- Task goal -
Two lines in the data below mark the range: the one with "Amanda Dwyer's Model portfolio" and the one with "FineArt & Panoramafotografien". Return both, along with every line between them, exactly.

Source data:

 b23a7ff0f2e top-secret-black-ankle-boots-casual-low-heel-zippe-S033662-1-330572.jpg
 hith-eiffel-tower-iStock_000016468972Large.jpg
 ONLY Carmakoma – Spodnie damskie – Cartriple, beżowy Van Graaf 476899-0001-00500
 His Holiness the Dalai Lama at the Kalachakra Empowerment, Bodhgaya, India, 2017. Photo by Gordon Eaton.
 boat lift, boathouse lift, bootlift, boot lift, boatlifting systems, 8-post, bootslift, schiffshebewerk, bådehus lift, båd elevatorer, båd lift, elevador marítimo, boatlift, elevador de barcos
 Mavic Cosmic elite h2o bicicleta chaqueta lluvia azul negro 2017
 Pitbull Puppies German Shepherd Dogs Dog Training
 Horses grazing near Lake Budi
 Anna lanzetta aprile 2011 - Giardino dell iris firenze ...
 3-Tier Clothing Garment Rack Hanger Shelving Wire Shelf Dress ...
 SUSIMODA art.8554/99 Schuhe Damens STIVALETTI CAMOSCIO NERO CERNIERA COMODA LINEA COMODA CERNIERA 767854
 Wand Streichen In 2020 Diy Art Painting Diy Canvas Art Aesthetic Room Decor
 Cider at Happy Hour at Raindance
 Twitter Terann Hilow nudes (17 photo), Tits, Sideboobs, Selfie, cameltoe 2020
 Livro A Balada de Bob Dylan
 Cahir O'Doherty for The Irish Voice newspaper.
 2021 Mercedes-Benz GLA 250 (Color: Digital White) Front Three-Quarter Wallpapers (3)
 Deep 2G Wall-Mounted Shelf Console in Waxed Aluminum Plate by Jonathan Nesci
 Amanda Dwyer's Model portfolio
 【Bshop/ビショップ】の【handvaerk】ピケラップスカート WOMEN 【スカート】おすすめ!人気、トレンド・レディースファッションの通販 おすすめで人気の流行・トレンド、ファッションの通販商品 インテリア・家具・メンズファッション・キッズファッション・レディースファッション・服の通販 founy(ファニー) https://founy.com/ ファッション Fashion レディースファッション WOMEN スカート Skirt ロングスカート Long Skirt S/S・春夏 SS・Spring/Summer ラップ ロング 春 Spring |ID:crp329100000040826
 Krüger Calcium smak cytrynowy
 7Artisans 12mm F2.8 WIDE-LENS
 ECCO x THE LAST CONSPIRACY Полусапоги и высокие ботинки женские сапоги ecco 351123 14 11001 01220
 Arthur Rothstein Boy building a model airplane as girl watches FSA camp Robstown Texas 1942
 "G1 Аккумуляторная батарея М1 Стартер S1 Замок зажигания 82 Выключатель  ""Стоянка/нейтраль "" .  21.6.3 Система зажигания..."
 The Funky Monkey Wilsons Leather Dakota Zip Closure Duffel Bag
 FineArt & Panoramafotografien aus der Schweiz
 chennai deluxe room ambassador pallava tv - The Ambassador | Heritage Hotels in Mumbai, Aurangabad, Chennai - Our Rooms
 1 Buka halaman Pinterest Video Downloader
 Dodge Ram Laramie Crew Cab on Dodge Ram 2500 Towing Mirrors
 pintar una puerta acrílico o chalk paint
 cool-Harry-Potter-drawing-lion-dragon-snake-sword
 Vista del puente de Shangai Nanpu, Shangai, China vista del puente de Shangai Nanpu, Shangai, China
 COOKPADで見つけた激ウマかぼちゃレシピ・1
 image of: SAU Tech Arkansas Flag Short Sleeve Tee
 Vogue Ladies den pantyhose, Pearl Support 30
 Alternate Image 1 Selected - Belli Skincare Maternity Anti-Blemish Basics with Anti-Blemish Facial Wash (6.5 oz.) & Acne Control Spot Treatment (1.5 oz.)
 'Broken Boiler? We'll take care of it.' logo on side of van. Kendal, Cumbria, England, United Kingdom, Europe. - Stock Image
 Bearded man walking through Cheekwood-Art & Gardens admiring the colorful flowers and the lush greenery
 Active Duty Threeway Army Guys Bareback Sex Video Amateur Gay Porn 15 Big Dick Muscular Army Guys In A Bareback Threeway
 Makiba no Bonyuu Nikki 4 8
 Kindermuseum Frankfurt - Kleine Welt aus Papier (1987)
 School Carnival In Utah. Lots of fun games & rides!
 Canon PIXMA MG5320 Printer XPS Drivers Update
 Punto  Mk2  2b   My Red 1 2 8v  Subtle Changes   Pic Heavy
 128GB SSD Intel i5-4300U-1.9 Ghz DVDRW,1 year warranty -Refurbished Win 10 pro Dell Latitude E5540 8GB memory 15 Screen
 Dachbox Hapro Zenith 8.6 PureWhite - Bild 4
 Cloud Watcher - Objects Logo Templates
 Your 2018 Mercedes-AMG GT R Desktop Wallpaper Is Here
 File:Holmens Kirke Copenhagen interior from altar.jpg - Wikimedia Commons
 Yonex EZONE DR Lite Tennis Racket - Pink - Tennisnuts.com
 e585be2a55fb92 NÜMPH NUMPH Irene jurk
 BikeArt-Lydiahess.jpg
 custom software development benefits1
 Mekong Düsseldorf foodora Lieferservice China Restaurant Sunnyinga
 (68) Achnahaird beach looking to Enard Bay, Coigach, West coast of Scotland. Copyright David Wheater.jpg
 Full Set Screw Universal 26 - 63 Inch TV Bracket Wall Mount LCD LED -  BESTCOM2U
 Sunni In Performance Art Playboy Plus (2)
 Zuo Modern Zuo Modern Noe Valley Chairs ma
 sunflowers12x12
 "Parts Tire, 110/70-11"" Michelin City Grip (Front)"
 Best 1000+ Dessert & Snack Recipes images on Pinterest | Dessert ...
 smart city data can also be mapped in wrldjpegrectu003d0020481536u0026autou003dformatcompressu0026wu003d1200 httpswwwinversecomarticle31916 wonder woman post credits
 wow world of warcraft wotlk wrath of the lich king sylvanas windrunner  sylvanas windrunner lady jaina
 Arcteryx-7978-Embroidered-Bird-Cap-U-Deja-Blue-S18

- Reply to the task -
 Amanda Dwyer's Model portfolio
 【Bshop/ビショップ】の【handvaerk】ピケラップスカート WOMEN 【スカート】おすすめ!人気、トレンド・レディースファッションの通販 おすすめで人気の流行・トレンド、ファッションの通販商品 インテリア・家具・メンズファッション・キッズファッション・レディースファッション・服の通販 founy(ファニー) https://founy.com/ ファッション Fashion レディースファッション WOMEN スカート Skirt ロングスカート Long Skirt S/S・春夏 SS・Spring/Summer ラップ ロング 春 Spring |ID:crp329100000040826
 Krüger Calcium smak cytrynowy
 7Artisans 12mm F2.8 WIDE-LENS
 ECCO x THE LAST CONSPIRACY Полусапоги и высокие ботинки женские сапоги ecco 351123 14 11001 01220
 Arthur Rothstein Boy building a model airplane as girl watches FSA camp Robstown Texas 1942
 "G1 Аккумуляторная батарея М1 Стартер S1 Замок зажигания 82 Выключатель  ""Стоянка/нейтраль "" .  21.6.3 Система зажигания..."
 The Funky Monkey Wilsons Leather Dakota Zip Closure Duffel Bag
 FineArt & Panoramafotografien aus der Schweiz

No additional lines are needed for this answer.